- LSTM (tensorflow)
- Embedding (GLOVE)
- postgreSQL
$python main.py -h
usage: main.py [-h] [-p PREDICT] [-t] [-m [METHOD]]
Identifying the product in a user complaint.
optional arguments:
-h, --help show this help message and exit
-p PREDICT, --predict PREDICT
Classify a text.
-t, --train Build the model.
-m [METHOD], --method [METHOD]
Pruning method. Use with train.
- notebooks
- Identifying_the_product_in_a_user_complaint.ipynb | new file
- artifacts
- model_products.h5 | new file
- tokenized.json | new file
- code
- data_cleaning.py | new file
- embedding_glove.py | new file
- main.py | new file
- net_data_structure.py | new file
- predict.py | new file
- training.py | new file
- data
- complaints_companies.csv
- complaints_users.csv
- glove.6B
- glove.6B.50d.txt | new file
- issues.csv
- products.csv
- misc
- db_config.yaml
- etl.py | modified
- README.md | modified
- requirements.txt
- schemas.yaml
- Challenge - ML Engineer - NLP.docx
Jupyter notebook. Use this file to understand how the network is built and the reasoning behind it.
These files are created after the training phase from the class Training. model_products.h5 store the neural network weight whereas the tokenized.json stores the sequence of vectors of the corpus.
This file implements the class DataCleaning . It does the text preprocessing in following steps:
- Replace contractions
- Remove not ascii code
- Lowercase
- Remove punctuation
- Manage currency, numbers and date (obfuscate)
dc = DataCleaning()
dc.normalize("text raw")
This file implements the class EmbeddingGlove. It creates the embedding matrix with the well-know Glove vectorial space. The embedding matrix is passed as argument to the Embedding layer of the NN. It is used in the Training class.
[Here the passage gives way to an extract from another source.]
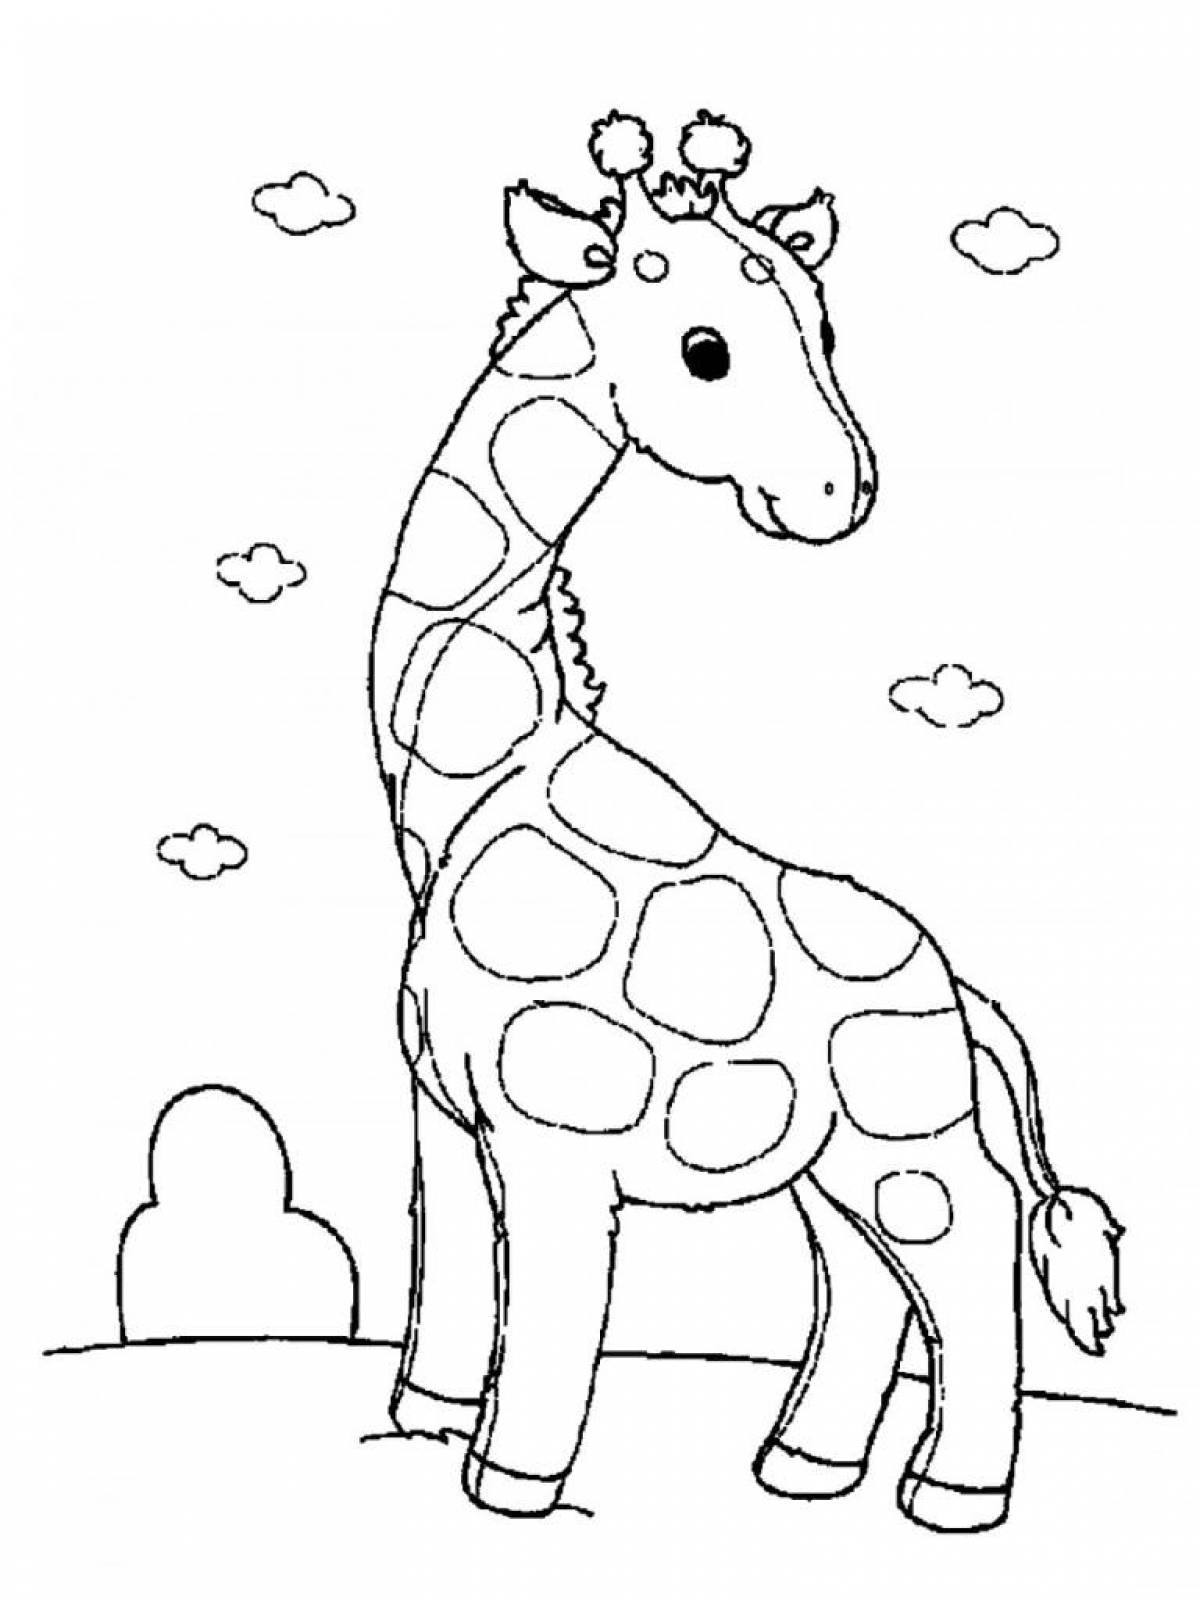 A fun giraffe coloring book for kids
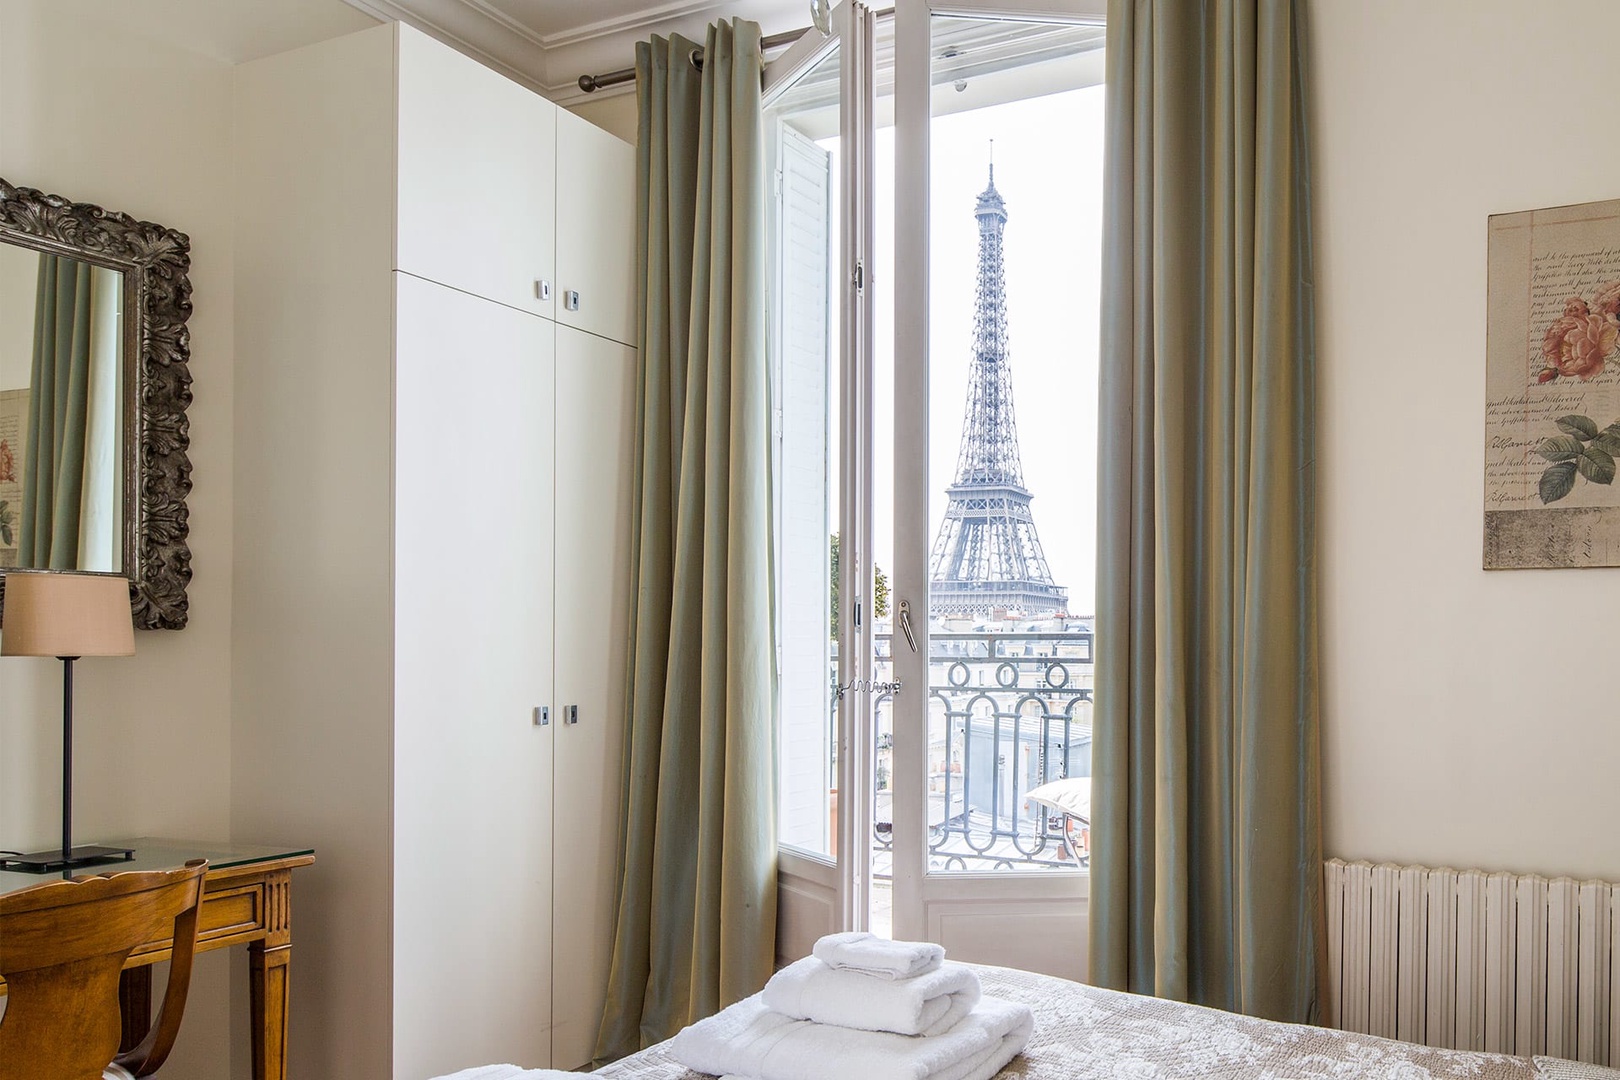 Wake up each morning to glorious views of Paris.

e_m = EmbeddingGlove( MAX_WORDS,
MAX_SEQ_LENGTH,
GLOV_EMBEDDING_DIM,
word_index)
e_m.get_matrix()
Entry point file.
- To run the training > python main.py [-t|--training ] [ (optional)-m|--method [mean|median|quartile]]
- To run the prediction > python main.py [-p|--predict "complaining product text"]
This file implements the class NNetDS . This class is a data structure that permit to share parameters of the neural network inside of the Training class.
This file implements the class Prediction. Giving a text, it predicts a product. This class uses the files model_products.h5 and tokenizer.json stored in the artifacts folder. This class is used in main.py.
p = Predict()
p.get_product_name("message 1") -> (Prod_1,Sub_prod_1)
...
p.get_product_name("message 2")-> (Prod_1,Sub_prod_2)
This file implements the class Training. It builds the neural network and trains the model. This class produces the files model_product.h5 and tokenizer.json used by Prediction class. The structure of the network is implemented into build_tf_model(self) method. The object of this class accepts the parameter pruning_method. This parameter permits to do clean the dataset reducing the number of products removing products with few comments. This class is used in main.py.
pruning_method = "mean" # mean| median | quartile| None
Training(pruning_method)
I've created a new table to map the product_id with a new_product_id. This table is created during the training phase and used during the prediction phase.
name: new_product_id_mapping
size: small
columns: ['product_id', 'new_product_id']
schema: |
product_id integer primary key,
new_product_id integer not null
I've introduced three methods:
- insert_new_product_id_table: this method inserts a new row into the table new_product_id_mapping. Each row has two values a product_id and the new_product_id.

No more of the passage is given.